We ordered oral argument on the application and considered "whether the trial court abused its discretion in ruling that a video recording of the preliminary examination is admissible at trial, despite the fact that the defendant is depicted in the recording dressed in jail garb." People v Horton, 510 Mich 953, 953, 979 N.W.2d 854 (2022). These questions implicate the interplay between the constitutional right to due process and our evidentiary rules concerning the admissibility of evidence. This is an issue of first impression in this Court, and one that I do not believe has been sufficiently addressed by the Court of Appeals. Our sister states have also taken, in my view, a misguided approach to this issue. Thus, I write separately to offer a brief discussion on why I believe other courts have gotten this issue wrong, and guidance for how I believe these issues ought to be addressed going forward.
This Court, in considering a defendant’s presence at trial, has recognized that "[t]he presumption of innocence requires the garb of innocence …. " People v Shaw, 381 Mich. 467, 472, 164 N.W.2d 7 (1969) (quotation marks and citation omitted). At a trial before a jury, a defendant may not be compelled to wear prison clothing, and may elect to wear civilian clothing, so that they may "be brought before the court with the appearance, dignity, and self-respect of a free and innocent man …." Id. at 473, 164 N.W.2d 7 (opinion of the Court) (quotation marks and citation omitted). The Supreme Court of the United States has also explained that compelling a defendant to stand trial in jail garb would present a "constant reminder of the accused’s condition" and "may affect a juror’s judgment." Estelle v Williams, 425 U.S. 501, 504, 505, 96 S.Ct. 1691, 48 L.Ed.2d 126 (1976). A defendant’s clothing is so likely to be a continuing influence throughout a trial that "an unacceptable risk is presented of impermissible factors coming into play." Id. at 505, 96 S.Ct. 1691. The impact on a jury may even be subconscious. This subconscious bias against a defendant has the potential of depriving a defendant of a fair trial. See id. at 518, 96 S.Ct. 1691 (Brennan, J., dissenting) (explaining that requiring a defendant to appear before a jury in identifiable jail garb "surely tends to brand him in the eyes of the jurors with an unmistakable mark of guilt …. The prejudice may only be subtle and jurors may not even be conscious of its deadly impact ….").

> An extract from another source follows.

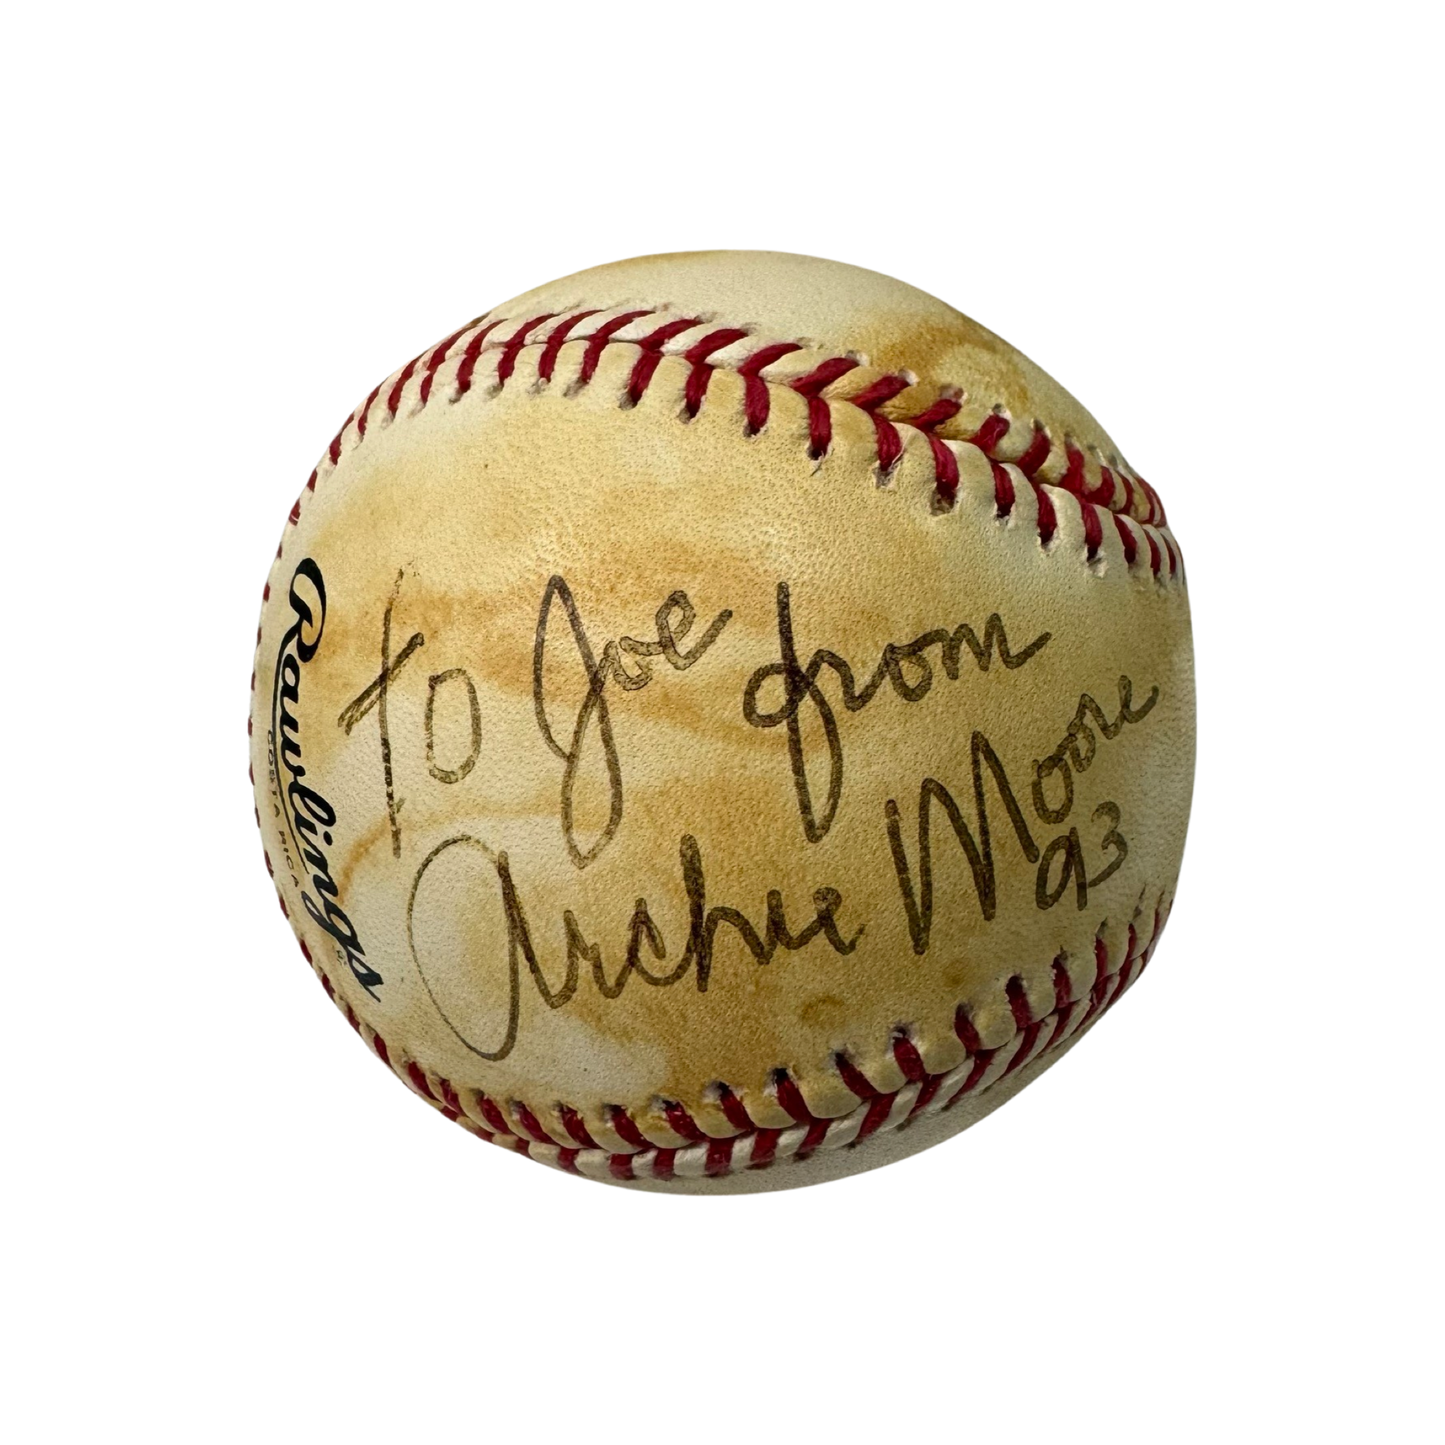 Archie Moore Autographed Official National League Baseball “To Joe From” Inscription Beckett
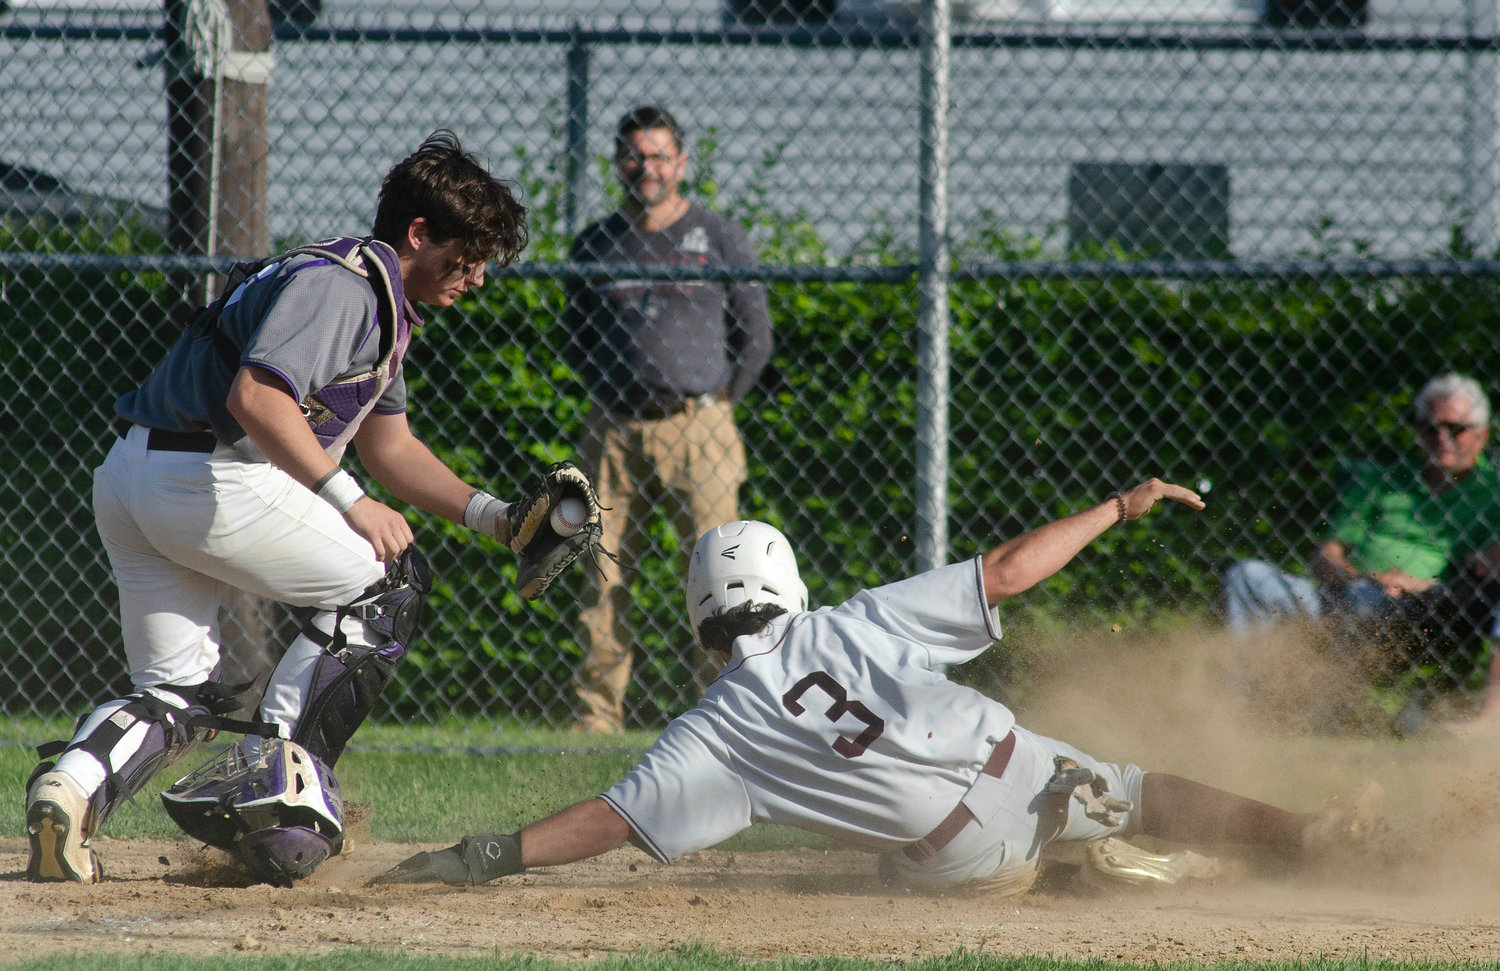 Senior catcher Jack Standish turns to see La Salle's Shea Caton slide by home plate without tagging it as the Ram tagged up at third base and ran home on a fly ball to right field. Standish walked over to Caton and tagged him out for the second out of the fifth inning.

In the case before us, we considered whether a video that shows defendant clothed in jail garb is admissible evidence that may be shown to a jury. To begin this analysis, the imperative question is whether such a video prejudices a defendant. This is where I believe that other courts have erred.
The Court of Appeals in this case held that viewing defendant in jail garb via video footage "would not undermine the presumption of innocence …. " People v Horton, 341 Mich App at 403, 989 N.W.2d 885. The Court of Appeals also limited the application of Shaw and Estelle to "those cases in which the defendant is forced to appear before the jury at trial while wearing jail garb." Id. at 402, 989 N.W.2d 885.
Our sister courts have taken a similar approach. For instance, the Kentucky Supreme Court stated that a video of a defendant in jail garb was not "inherently prejudicial." Deal v Commonwealth, 607 S.W.3d 652, 669 (Ky, 2020). Other courts have found that prejudice may depend on the length of the video in question. See People v Thames, 467 P.3d 1181, 1192 (Colo App, 2019) ("Unlike the visual impact of a defendant’s attire throughout a tidal, the clothing shown in a video lasting one hour and fourteen minutes will not be a ‘constant reminder’ of the defendant’s condition or create a prejudicial, continuing influence in jurors’ minds.").
In my view, these findings are fundamentally erroneous, as I do not believe that prejudice depends on the manner in which potentially impermissible matertai is presented to the jury. Stated differently, if it is prejudicial to present a defendant in jail garb during a jury trial, it should be prejudicial to present a video of defendant in jail garb during a jury trial. The subconscious impression on the jury regarding guilt is no different merely because the jury sees defendant in jail garb in a video and not in person. See Commonwealth v Gallaway, 283 A.3d 217, 238 (Penn, 2022) (Wecht, J., dissenting) (explaining that there is "no compelling reason to believe that a video of a defendant bearing the mark of a criminal is unlikely to create those same impressions" that would be created if the defendant sat at trial in jail garb).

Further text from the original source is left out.